■ **Task to complete**: When you copy the data, keep every line exactly as written and skip the pictures.

■ **Input data**:
+-------+

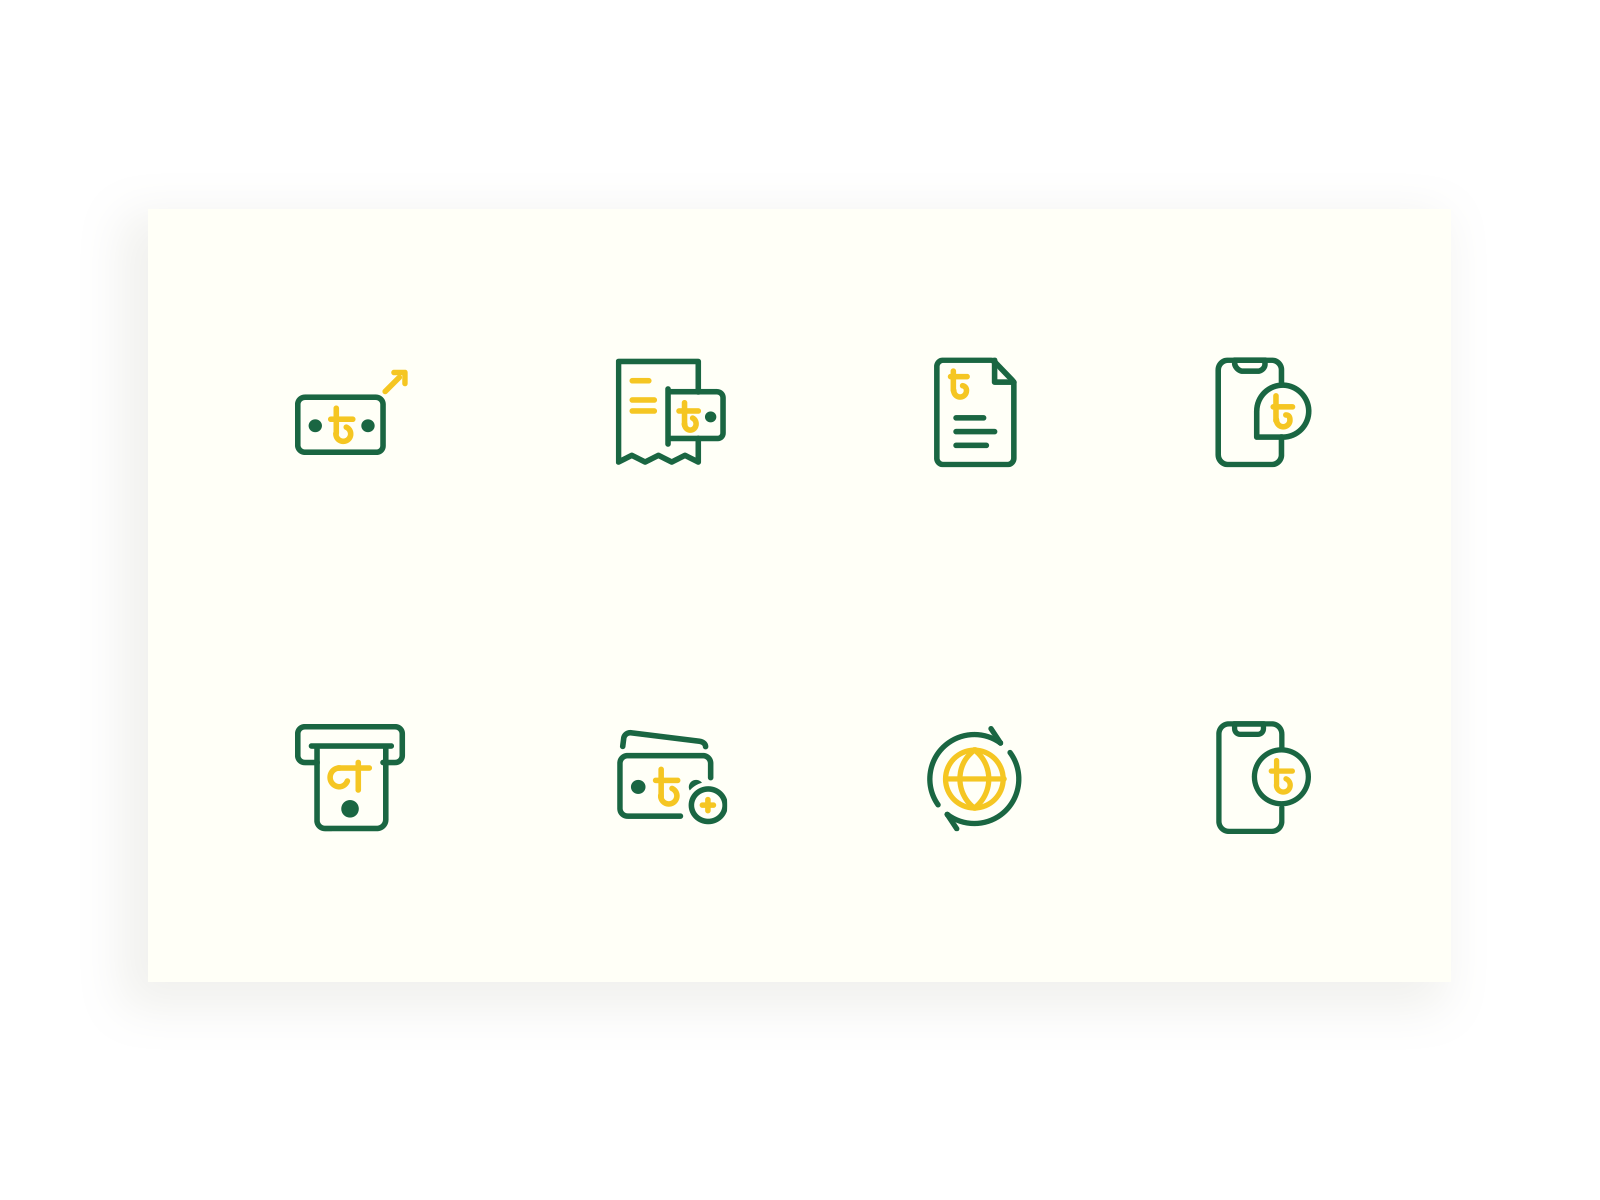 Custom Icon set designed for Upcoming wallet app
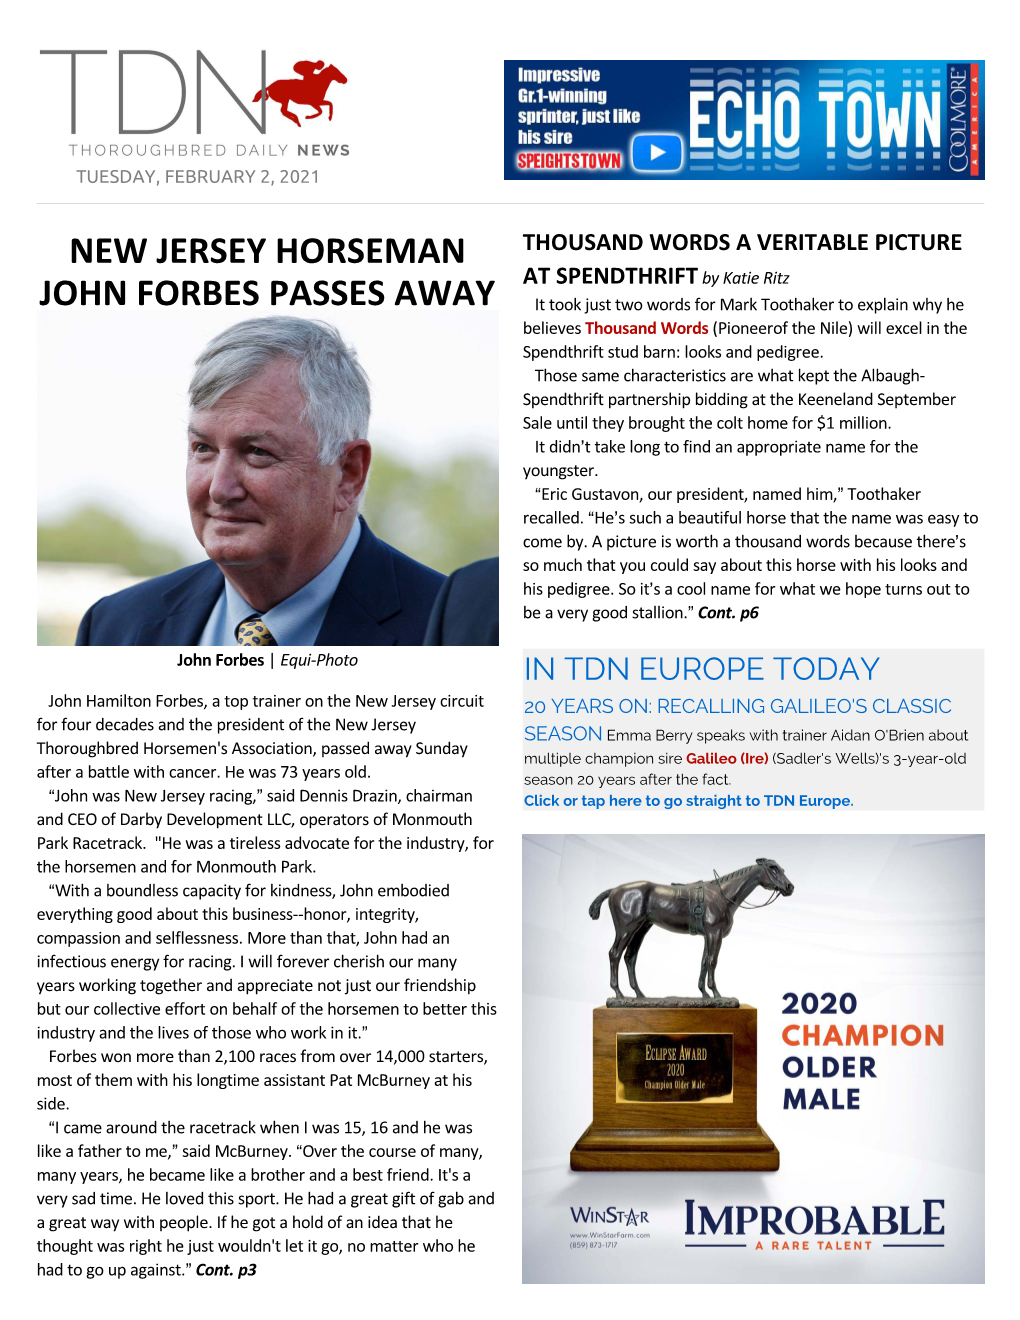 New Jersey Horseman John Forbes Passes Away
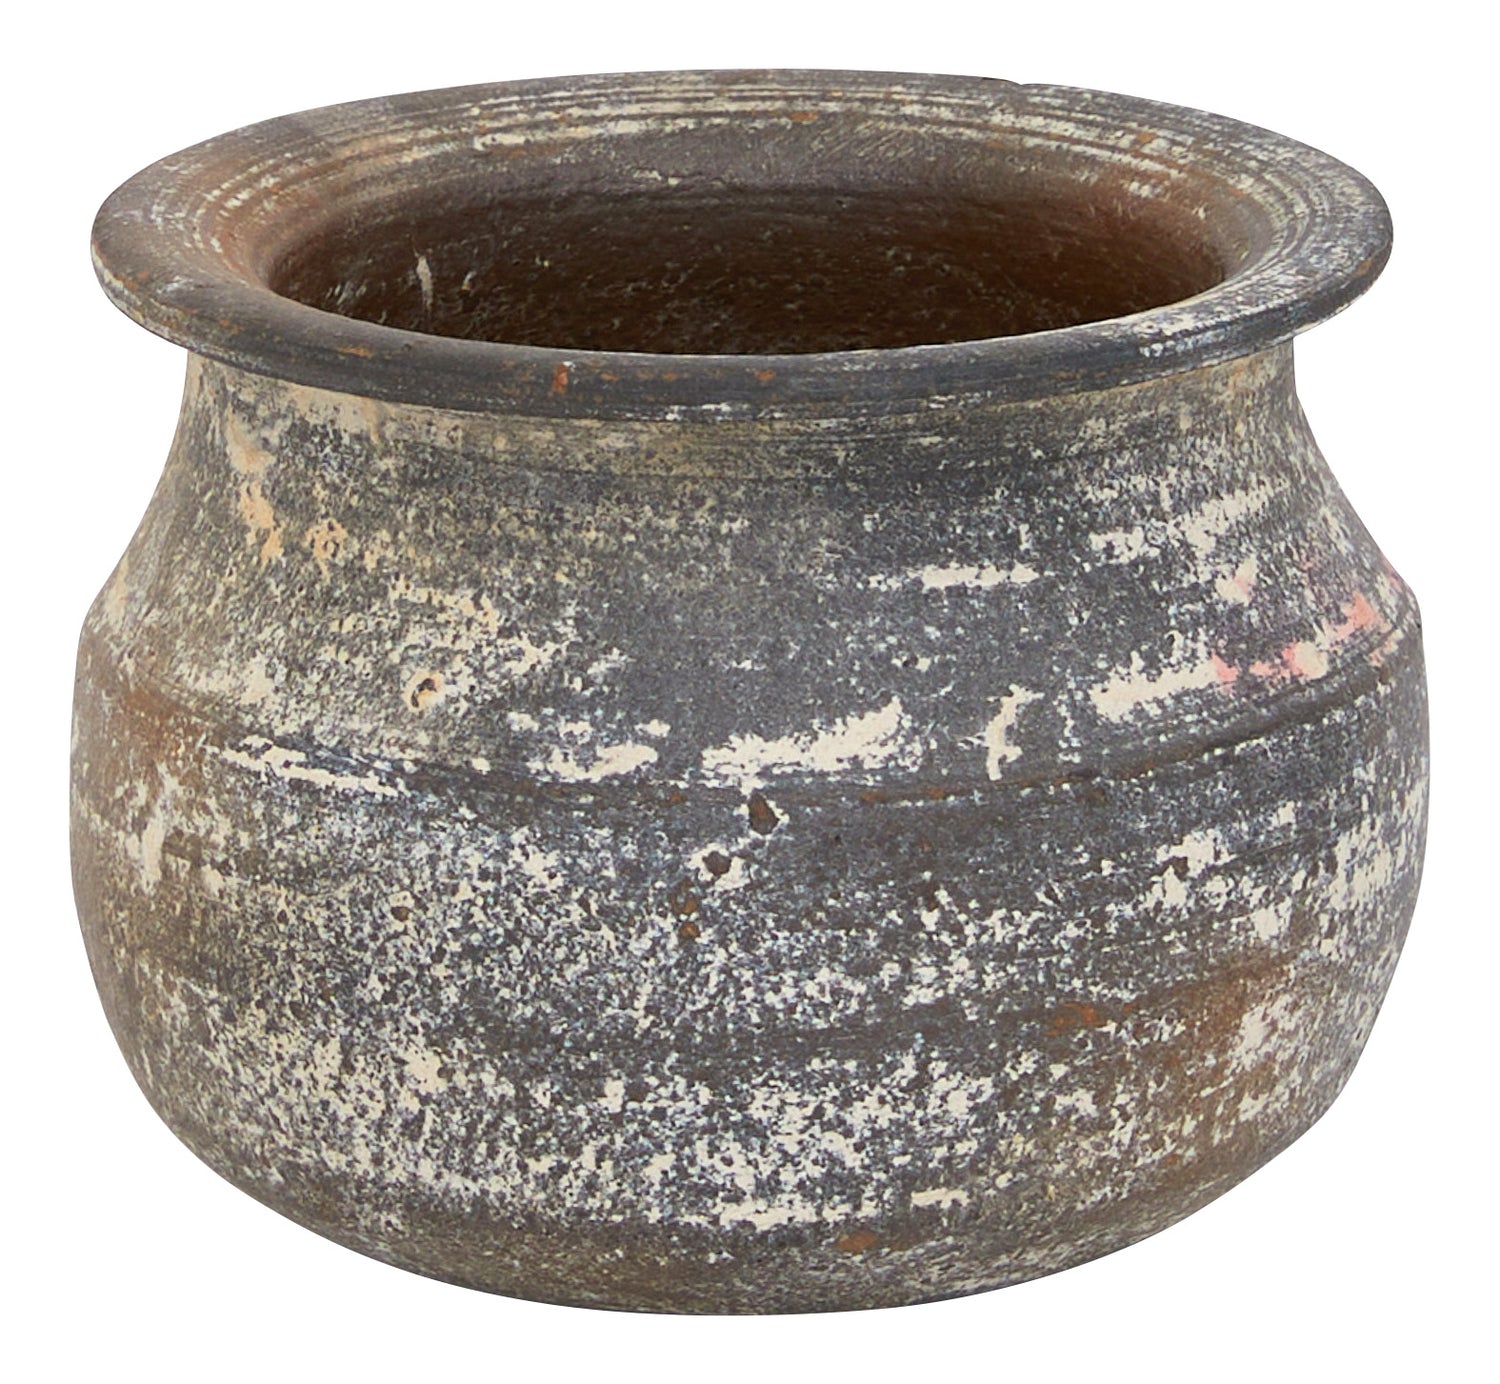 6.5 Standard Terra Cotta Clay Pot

+-------+

■ **Exercise answer**:
 Custom Icon set designed for Upcoming wallet app
 New Jersey Horseman John Forbes Passes Away
 6.5 Standard Terra Cotta Clay Pot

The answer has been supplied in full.